The state of Wisconsin was very important for Hillary Clinton; after all, it has been a part of the reliable Clinton-supporting states that have been a part of that coalition going back to 1992. On the other hand, Donald Trump now finds himself in the position of losing ground to Ted Cruz, who has pulled even with him in National Republican polls. All of this is something that wasn’t expected just a matter of a few days ago. But of course the entire 2016 race has been a race of surprises on both sides amongst both parties. On the Democratic side, it is clear that no one, perhaps including Bernie Sanders, understood that there would be a declared Democratic Socialist candidate who would really vie for the heart of the Democratic Party, who would pull Hillary Clinton so far to the left and who would win several primaries, including Wisconsin yesterday. That is a stunning development. In worldview terms, it tells us that an idea as discredited in the 20th century as socialism is making a comeback. It’s making a comeback on the left, and that’s really, really crucial for our understanding.
On the other hand, in terms of worldview, what is taking place on the Republican side is also a genuine shock to the system. The rise of a form of negativistic populism that has been made very clear by Donald Trump is something that also was not expected in the Republican Party. All this points to the fact that ideas still matter, and when it comes to elections, they are in inevitably both about candidates and their characters, on the one hand, and their positions, their ideas, on the other. In the case of all of the candidates now vying for their party’s nomination for president, the question of character and conviction, of personality and policy now remains in the forefront. The results yesterday in Wisconsin make very clear that the unfolding story of the 2016 presidential race is far from over.
Part II
Mississippi joins states standing for religious liberty, backlash sure to follow
Next we shift to the state of Mississippi where as the Clarion-Ledger in Jackson, Mississippi reported yesterday,
“Gov. Phil Bryant signed the controversial Protecting Freedom of Conscience from Government Discrimination Act into law Tuesday morning, saying he did so to protect the rights of people with ‘deeply held religious beliefs.’
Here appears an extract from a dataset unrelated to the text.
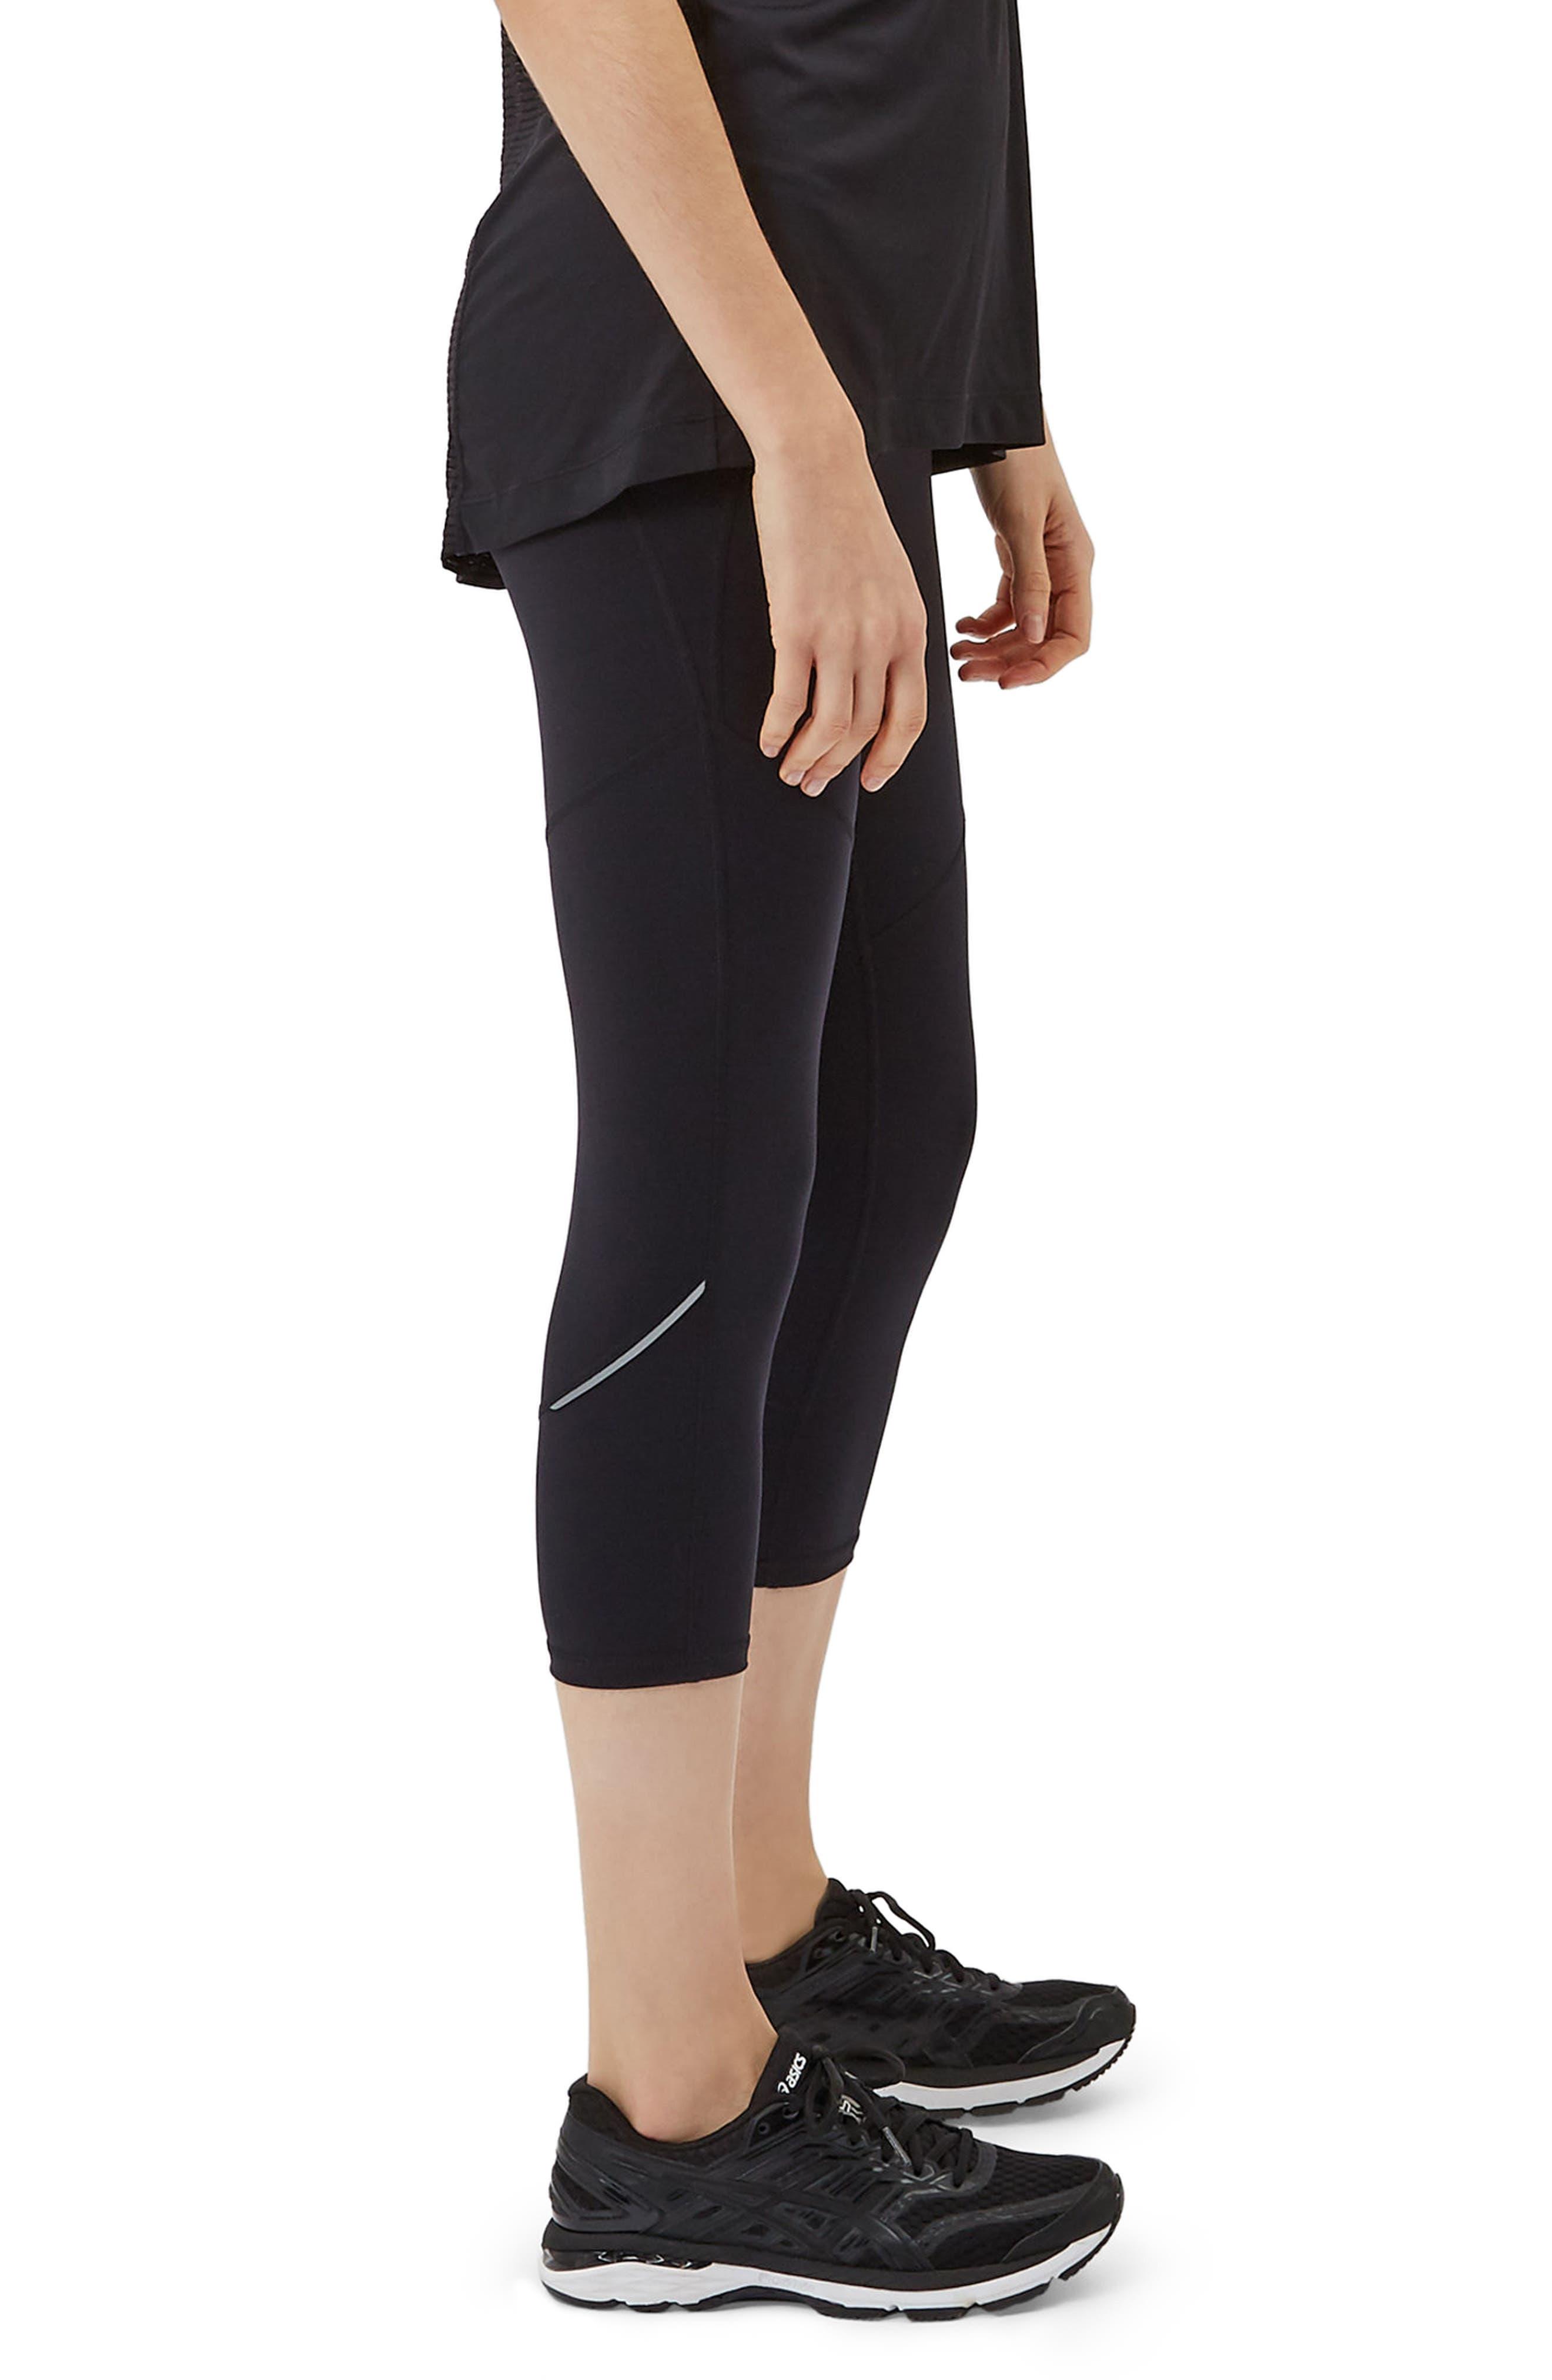 SWEATY BETTY, Power Workout Crop Leggings, Alternate thumbnail 5, color, BLACK

“HB 1523, authored by House Speaker Philip Gunn, has drawn state and national attention with groups as varied as the Human Rights Campaign and the Mississippi Manufacturers Association all calling for the governor to veto the bill.”
Now what we’re talking about here is yet another state bill modeled after the federal Religious Freedom Restoration Act passed back in the early 1990s. That law was overwhelmingly adopted by Congress and signed into law by then-president Bill Clinton. Now you have a succession of states that are considering, and some have adopted, state parallels to this law. But of course, the action taken by the legislature in Mississippi, and the action taken by the state’s governor in signing the bill into law yesterday, points to the fact that Mississippi and its governor have acted in ways that are directly in contrast, in contradiction to what took place just days ago with the governor of the state of Georgia.
Why in the world would the governor of the state of Georgia veto legislation that had been adopted by both chambers in the Georgia legislature, a religious liberty bill modeled after the very successful federal statute? Well, the answer is that the reason that the Georgia governor vetoed the bill, and what makes the action by the Mississippi governor signing the bill so significant, is that all this is taking place on the other side of that great moral divide represented by the Obergefell decision handed down in June 2015 just last year by the United States Supreme Court, legalizing same-sex marriage.
As we said at the time, and as several justices of the Supreme Court acknowledged at the time, this is going to present very real and inevitable challenges for religious liberty. This was made very clear in the oral arguments before the Court in questions and assertions that were made and presented by the Chief Justice John Roberts and also by Associate Justice Samuel Alito. Similarly, both of those justices joined by the late Justice Antonin Scalia and then Clarence Thomas made very clear in their dissents to the decision that religious liberty now faces a clear and present danger. During the oral arguments before the Court, Justice Alito and Chief Justice Roberts pointed to such examples as a religious college that will be confronted with demands that it accept same-sex married couples into married student housing. You’ll recall that the Solicitor General of the United States, Donald Verrilli, representing the Obama Administration calling for the legalization of same-sex marriage, when presented with that question said it will be an issue. In other words, we are put on notice. That’s why the state of Mississippi has adopted and its governor has now signed what is declared to be the Protecting Freedom of Conscience from Government Discrimination Act, and we should be very happy that the state of Mississippi now sets a contrary example to the state of Georgia, at least in terms of the two state’s governors by the fact that the Mississippi Governor signed this law.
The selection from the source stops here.